Look closely at the books in the background of a Zoom call and you might see one or two written by two-time Pulitzer Prize-winning author Robert Caro.

When his research partner and wife, Ina Caro, noticed his book "The Power Broker" sitting behind people's heads, Robert Caro says he was startled and humbled.

“I'm feeling good about it because that book came out 46 years ago,” he says. “To see young political reporters using it now, that's sort of, to be honest with you, thrilling to me.”

His latest book "Working" isn't really a memoir — it's about the processes behind Robert Caro's research and interviews as he writes his acclaimed books, such as"The Power Broker" and "The Years of Lyndon Johnson."

He spent years on each — tracking down families carelessly displaced by Robert Moses’ highways and moved his family to Texas to understand former President Lyndon Johnson’s upbringing.

"The Power Broker" tells the story of brilliant but flawed New York builder Robert Moses, who built bridges, parks and Jones Beach on Long Island over many years.

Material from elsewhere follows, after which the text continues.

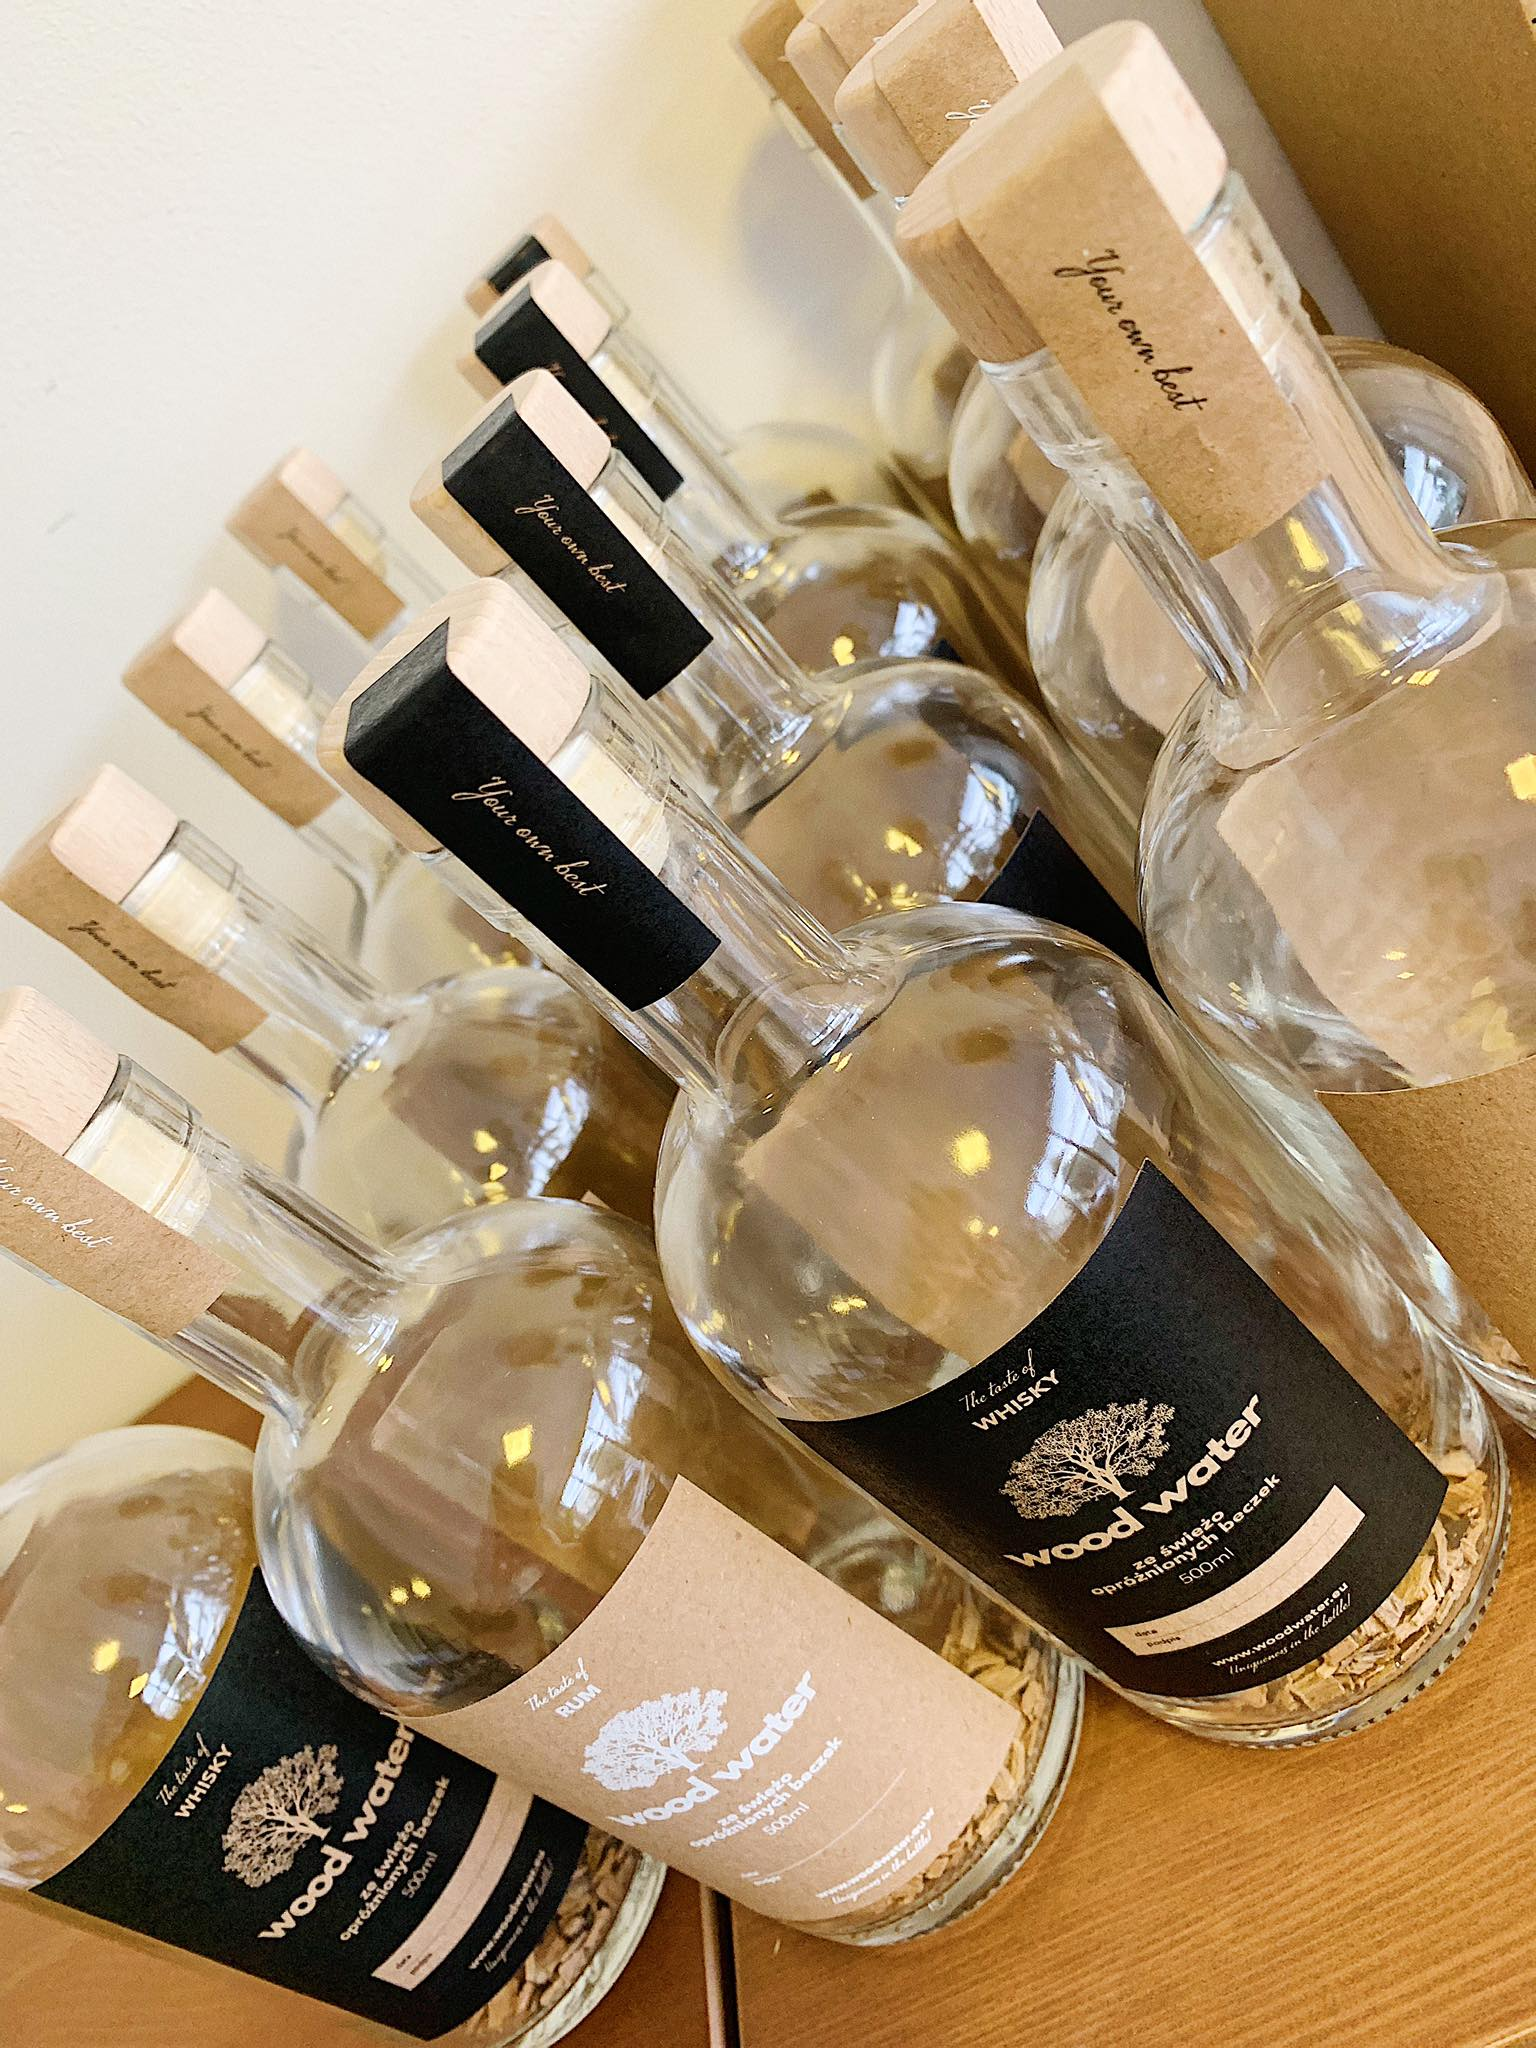 Wood Water to elegancki, smaczny i intrygujący pomysł na prezent! Wyróżnia się również prostotą – płatki wystarczy zalać dowolnie wybranym alkoholem i od tego momentu możemy obserwować zmieniający się kolor i poczuć oryginalny smak oraz zapach. Płatki drewniane są uzyskiwane w procesie rozdrobnienia świeżo opróżnionych beczek dębowych, które przesiąknęły leżakującym w nich alkoholem. Posiadają one doskonały aromat, dzięki czemu łagodzą zapach czystego alkoholu i dodatkowo nadają mu oryginalnego koloru. W prezentowanym zestawie oferujemy duet eleganckich butelek z drewnianymi płatkami pozyskanymi z dębowych beczek po whisky/rum/bourbon, które wystarczy zalać czystym alkoholem by uzyskać nietuzinkowy efekt. W zestawie: 2 butelki o pojemności 500 ml każda, płatki drewniane pozyskane z dębowych beczek po whisky/rum/bourbon, instrukcja obsługi, ozdobne opakowanie. Własnoręcznie zapakowany przez nas produkt zostanie do Ciebie przesłany w wyjątkowym pudełku. Dokładamy wszelkich starań, aby na
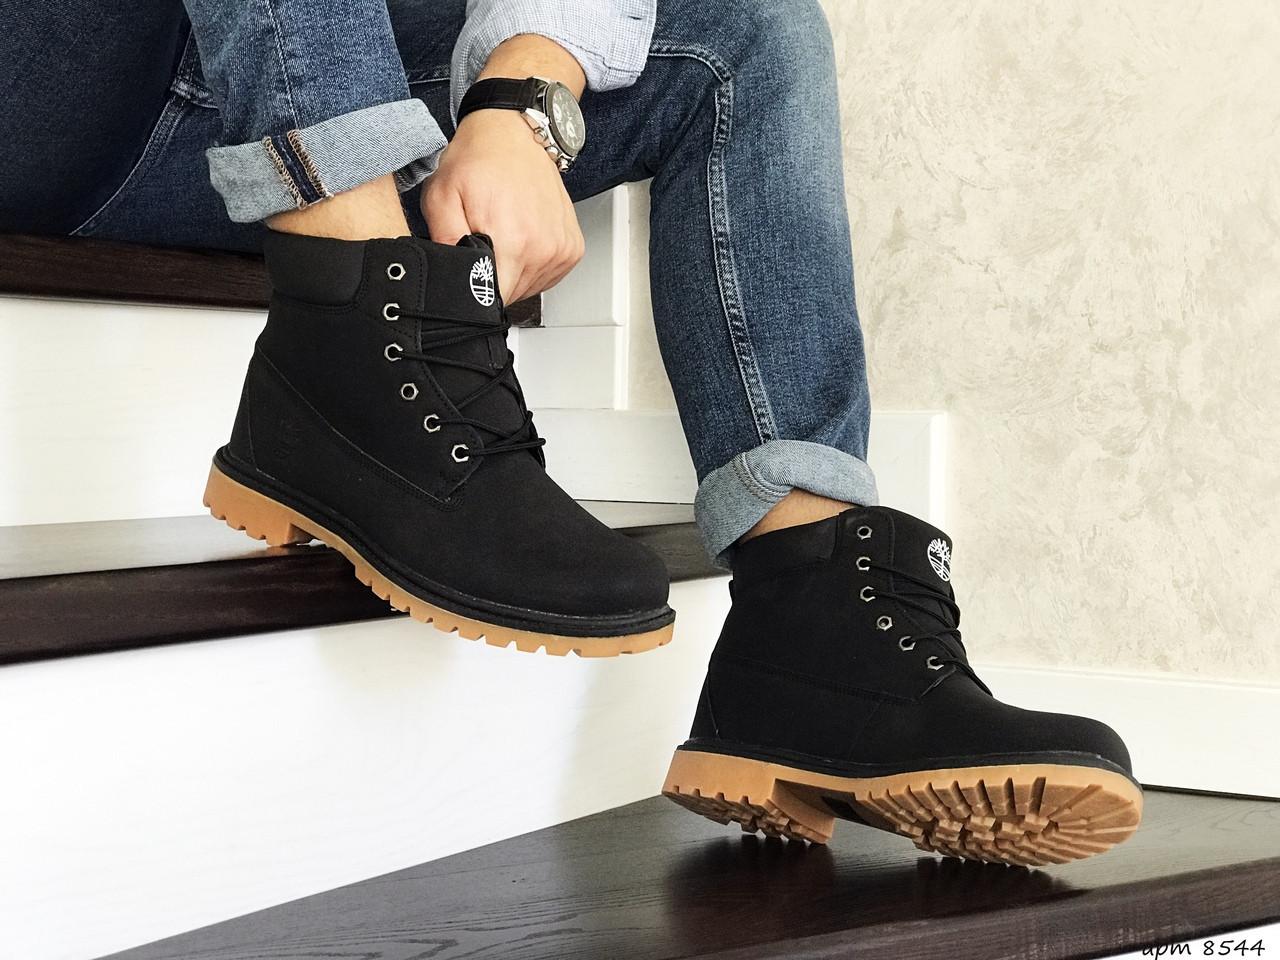 Чоловічі черевики Timberland (чорно-коричневі) ЗИМА

While Robert Caro worked on the book, Ina Caro sold their house to acquire some extra money.

Despite their tough financial situation, Robert Caro felt he needed to finish the book to help people understand how power works.

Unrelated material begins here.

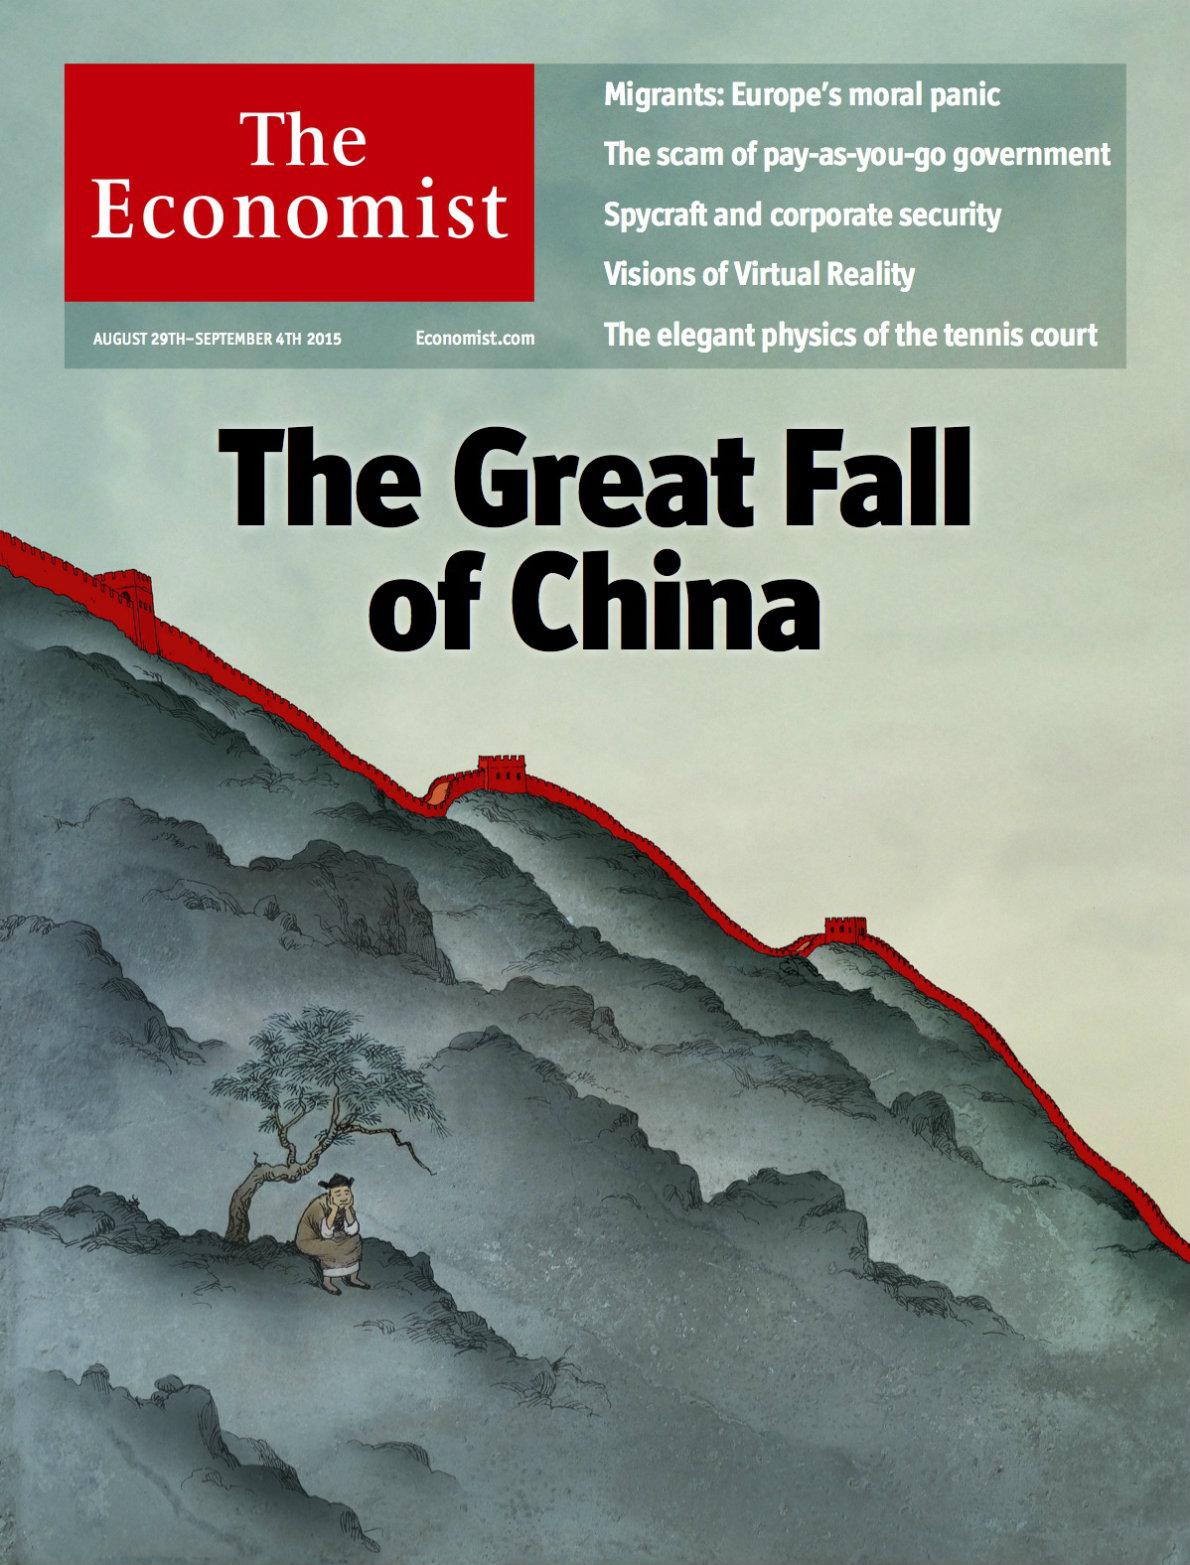 Spot the symbolism | The Economist

“Robert Moses was never elected to anything. He held power for 44 years. How did he get that?” he says. “I felt it was important to finish the book so that even if I never got to do another one, people would understand how power really works in cities.”

Robert Moses, city construction coordinator, receives the First Annual Gold Medal of the Metropolitan Amateur Athletic Union from Mayor Robert F. Wagner, right, at a dinner for Robert Moses at the Astor Hotel, New York, April 28, 1954. (Tom Fitzsimmons/AP)
Robert Moses, city construction coordinator, receives the First Annual Gold Medal of the Metropolitan Amateur Athletic Union from Mayor Robert F. Wagner, right, at a dinner for Robert Moses at the Astor Hotel, New York, April 28, 1954. (Tom Fitzsimmons/AP)

As a young reporter working at Long Island’s Newsday paper, he received a call from someone at the Federal Aviation Administration offering him files related to a controversy over building an airport. While his colleagues spent their Sunday at a picnic on Fire Island, he sorted through the files.

He returned home to a voicemail from the managing editor’s secretary, which prompted him to tell his wife that the “old-time newspaperman” planned to fire him. Instead, editor Alan Hathway gave him the job of investigative reporter along with a piece of memorable advice.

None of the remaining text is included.